Dinah’s mother and other relations had talked about their experiences and that helped. Passports, too, in those days had impressed stamps recording the dates frontiers were crossed. Dinah’s brother Patrick did a lot of work on his father’s ‘escape’ from France via St Nazaire but it was the Army Record Office which told her when and where he landed in the UK [it was Falmouth]. She didn’t need telling that Anna Freud, for whom her older half-sister Doreen worked in Maresfield Gardens, was an important figure but we went, of course, to see the house, Sigmund Freud’s house.  She knew that a cricketer called Maurice Tate had been a drinking partner of her father. She learned from us that this was a great man, the Sussex and England hero, an all-rounder worshipped by many before the war.

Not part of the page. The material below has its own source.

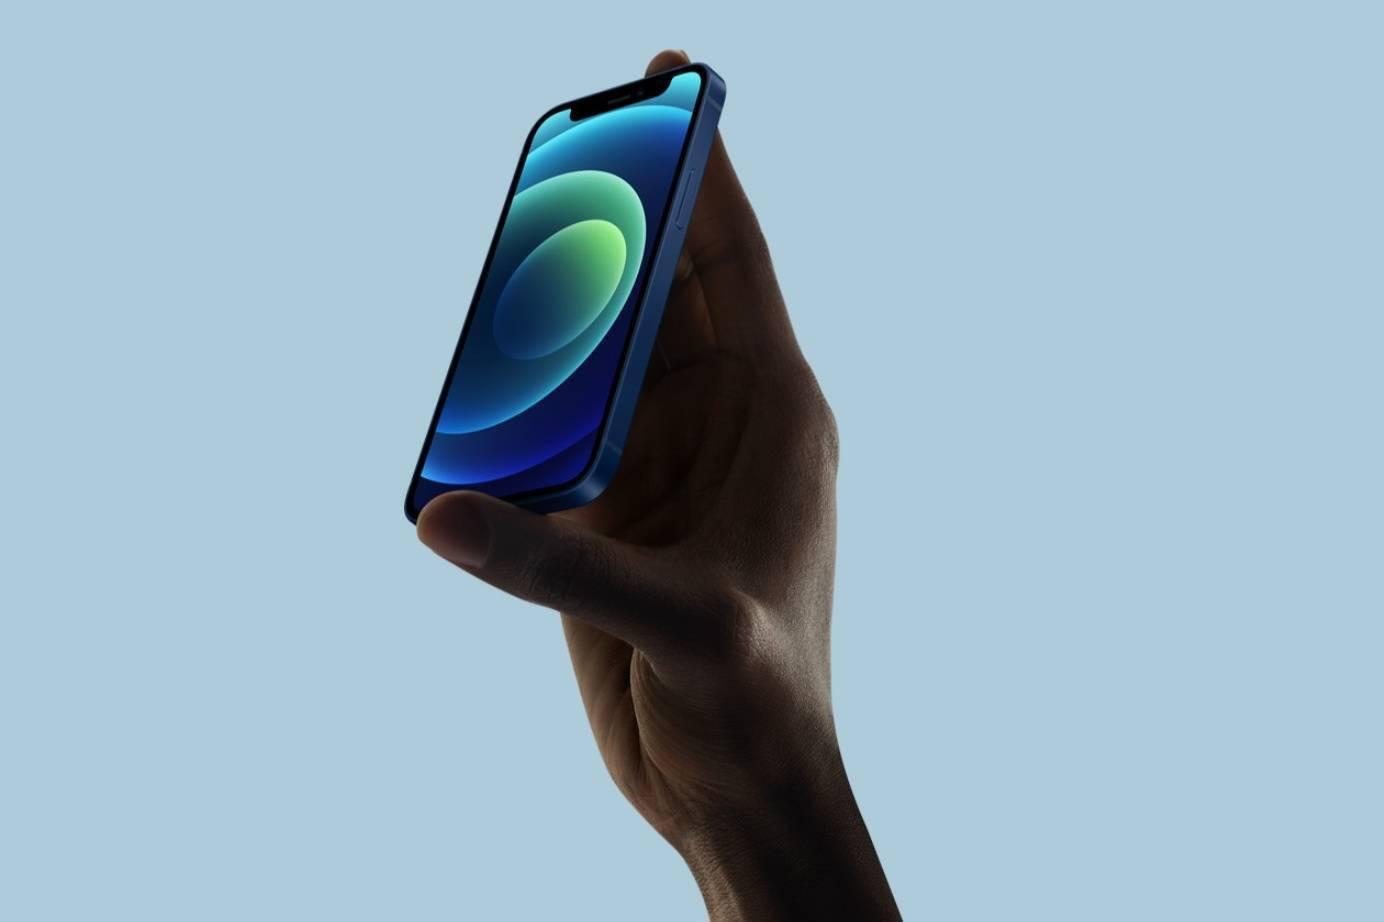 Mini|苹果客服回应iPhone 12 Mini停产:尚未收到通知

I mention some of the details of the work that went into her writing to demonstrate that memories need the support of hard graft to establish the underlying   facts. Gaps may be revealed   and areas for further study identified.  [Who knows about the activities of the Eclaireurs Israelites, the Jewish Scouts, at that time?] These memoirs are not just a stream of consciousness, an elderly person’s tired old rant. The family hope and believe that there is a wider audience for the raw material of history and that long after the writers have passed away the permanent record of those already far-off events in a very accessible medium will be of value to those who are interested  . We owe Dr Hanna Diamond a huge debt of gratitude for having made that possible.

Read about Dinah Child’s experiences here

Colin Child

25 November 2012

One Comment

  1. Hanna Diamond says:

    Thank you Colin for sharing Dinah’s memories with us. I’m quite sure that there is a wider audience and that her record of events will be of interest to many people out there.